Easter bonnets. These days we parody them like these pictures of my aunt Anne at the family Easter egg hunt and my triplet grandbabies but back in Harry Stilson’s time, fashion was taken very seriously. I found an article in the Richmond Times Dispatch on April 12, 1925 that reported that the first man wearing a straw hat was seen at 1St & Franklin and summer attire had officially begun. Harry’s tenants, the Crawfords, posed on Grayland Avenue and yes, straw hats were still in season in September.
Women wore hats (and white gloves) whenever they were in public. This hat department photo of Harry’s could have been an advertisement shot. Without notes or labels, that’s just a guess.
I believe the man posing here is in the Salvation Army band. The lady beside him is fashionably attired, I suppose. What a coat!
Bathing attire at Shields Lake was less revealing than today’s bikinis but still considered scandalous in some circles. I have a journal entry where Harry mentions showing his African-American friends, Mary Sparrow and Mary Taylor, bathing pictures which inspired bawdy comments. That visit was just one where I marvel at Harry’s audacity. For a middle-aged white man to be comfortable in a black household was uncommon but to visit and discuss bathing attire with ladies of any color was quite unheard of.
I pity kids in those days. Their clothing was uncomfortable and not conducive to playing. Below is “Mrs. Stone’s son” with Harry’s shadow in the photo. Little boys wore dresses and I always laugh when I see this picture of my father and his sister Norma, the least girly kid ever.
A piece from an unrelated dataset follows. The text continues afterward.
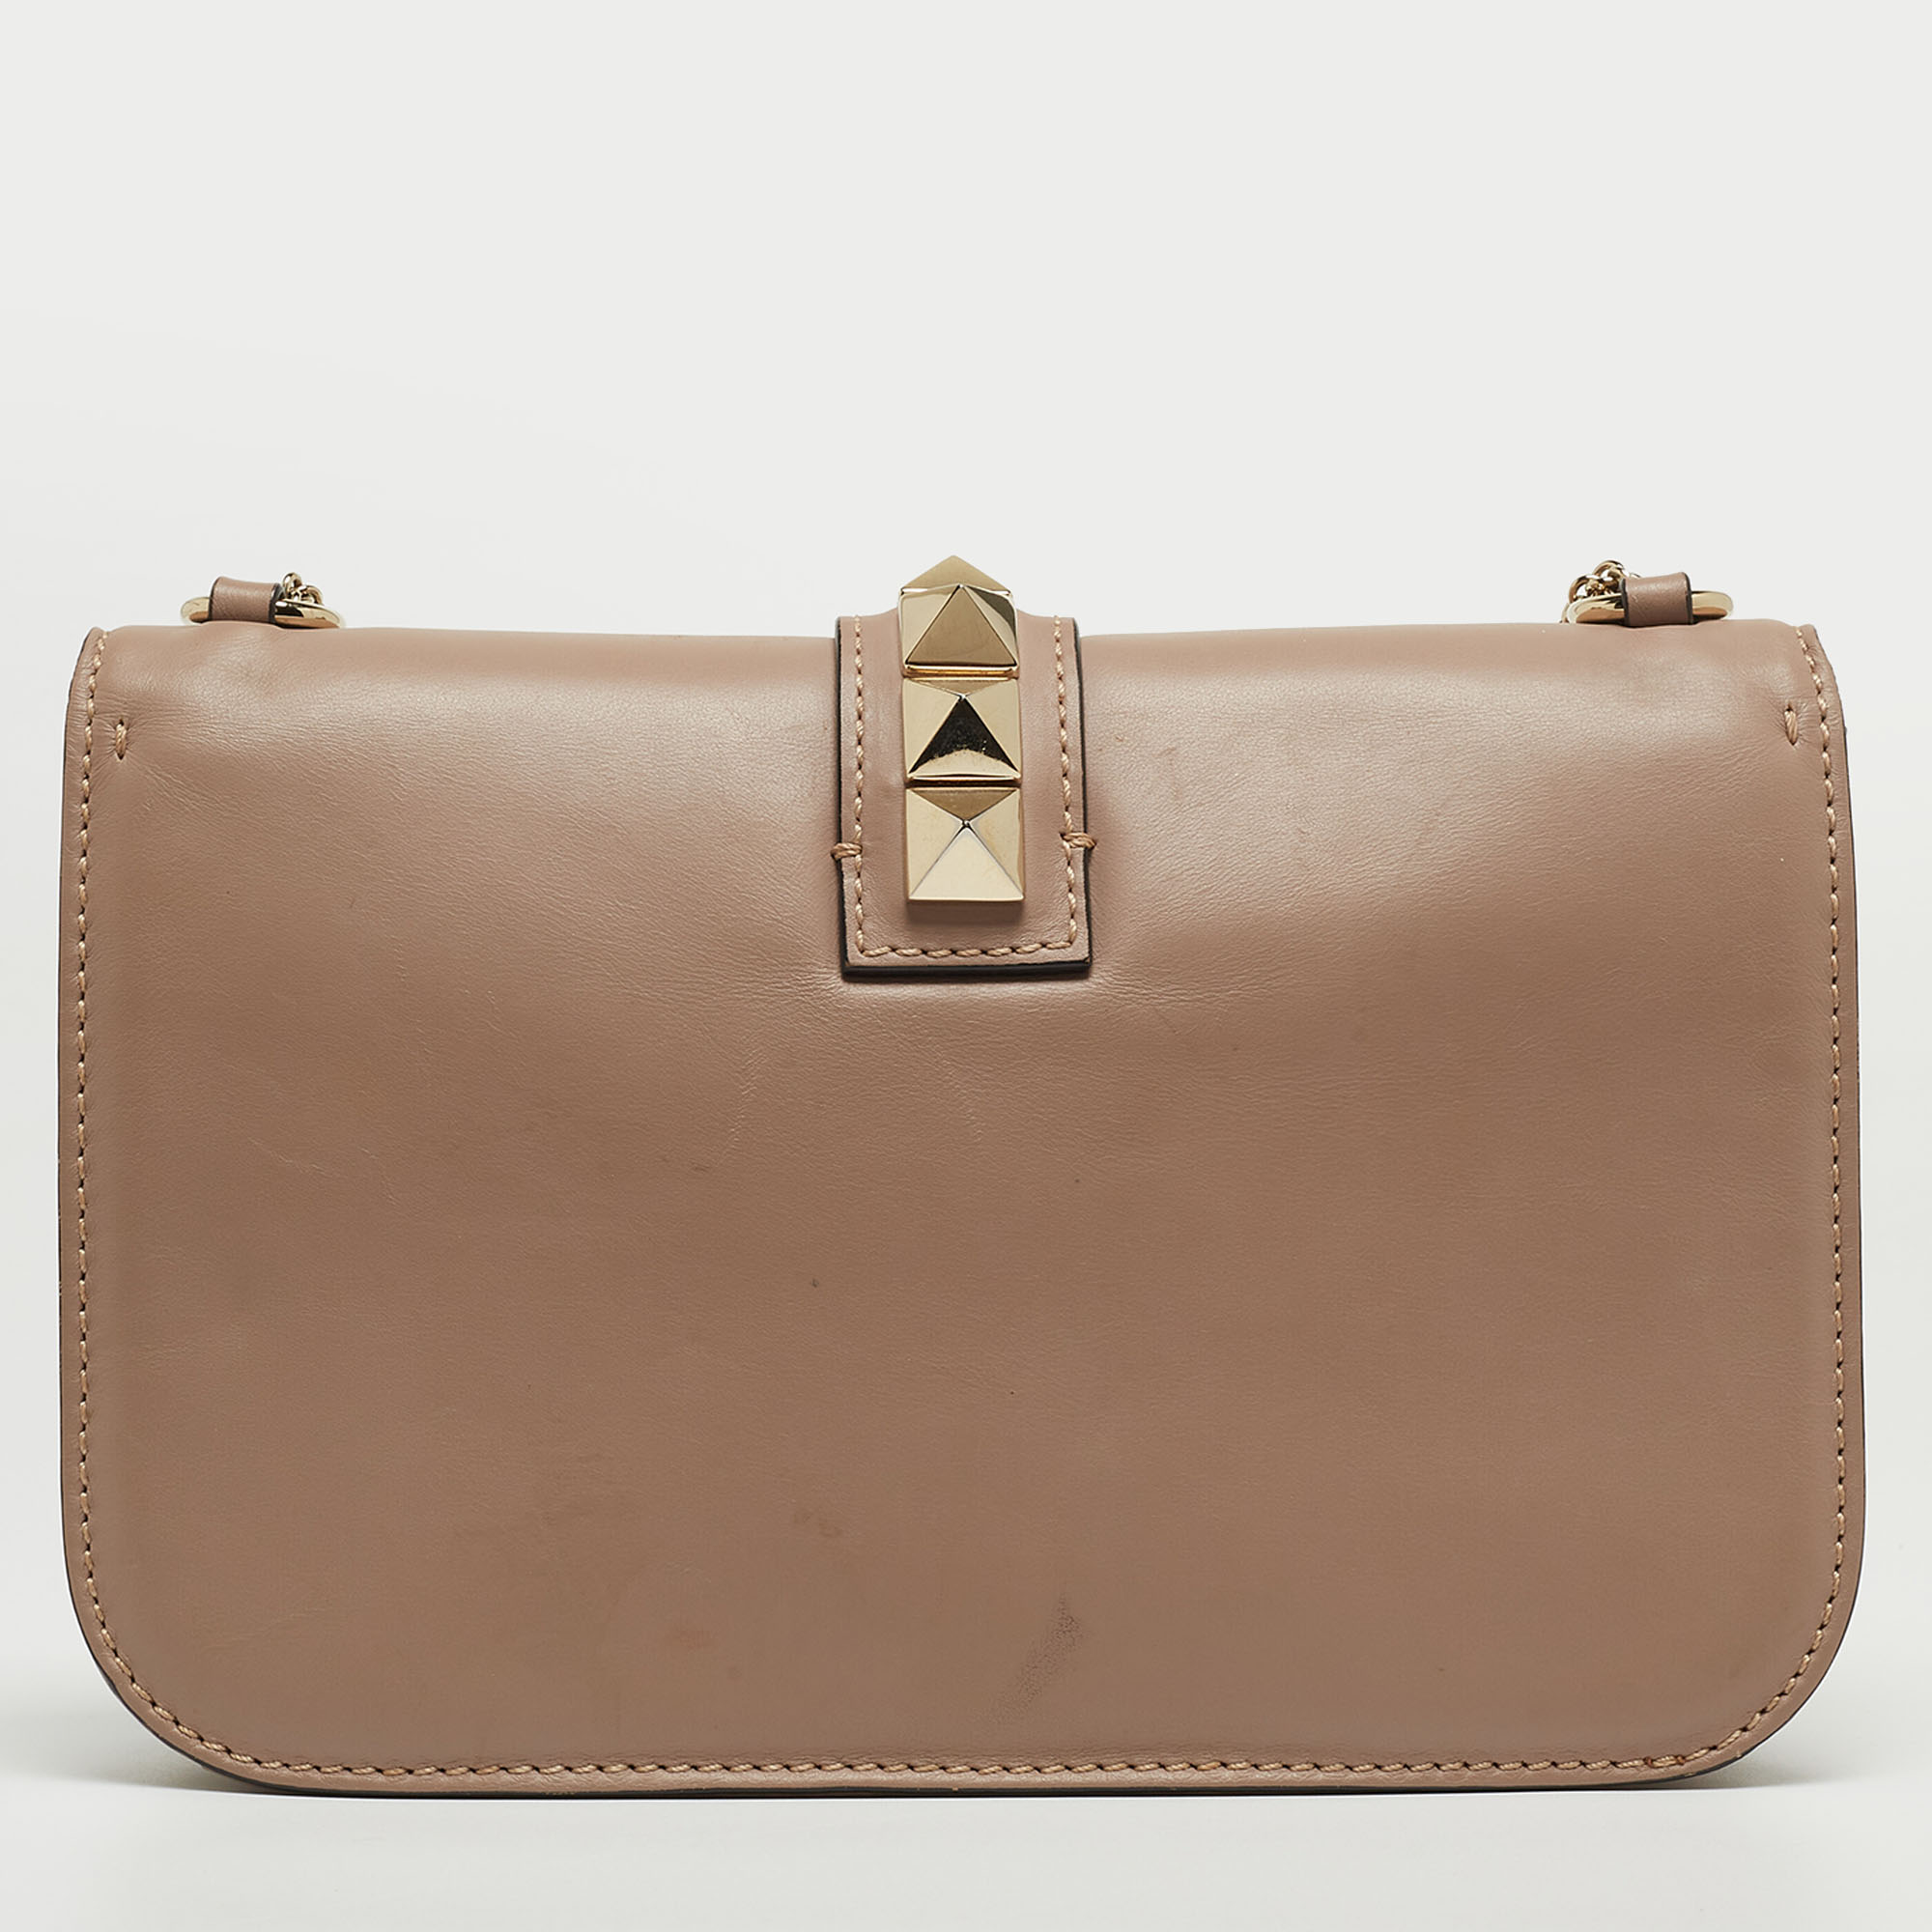 Valentino Old Rose Leather Medium Rockstud Glam Lock Flap Bag

She grew up to be a bridge engineer and I don’t remember her in dresses. Ever. Certainly not like this!
Harry even documented fashionable lounge wear for men. His neighbor, Jack Proctor, appeared in many photographs but this one of him in his jammies is a rare view of intimate clothing. Jack married the daughter of the Stilsons’ neighbors, Mr. and Mrs. Elam. Ironically, decades later, I discovered that my friend Dolores Miller is kin to the Elams. She shared a story for my WWI book, From Richmond to France, and it sounded so familiar. It was familiar. Harry related the same story in his journal in 1918. Now the Elams’ descendants can giggle over great-uncle Jack’s PJs.
This Grayland Avenue photo of Harry and his daughter, Anita (my grandmother) indicates the formality of those days. I believe this was a reunion when Anita and her husband came to Richmond but, unlike today’s hugs, a handshake sufficed. I suppose that in a society that wore suits to the beach and heels to garden, a PDA or any demonstration of affection was simply out of the question. It just wasn’t done.
Right: Harry’s sister Vera, with women he sold photos to on a two-day vacation to Virginia Beach.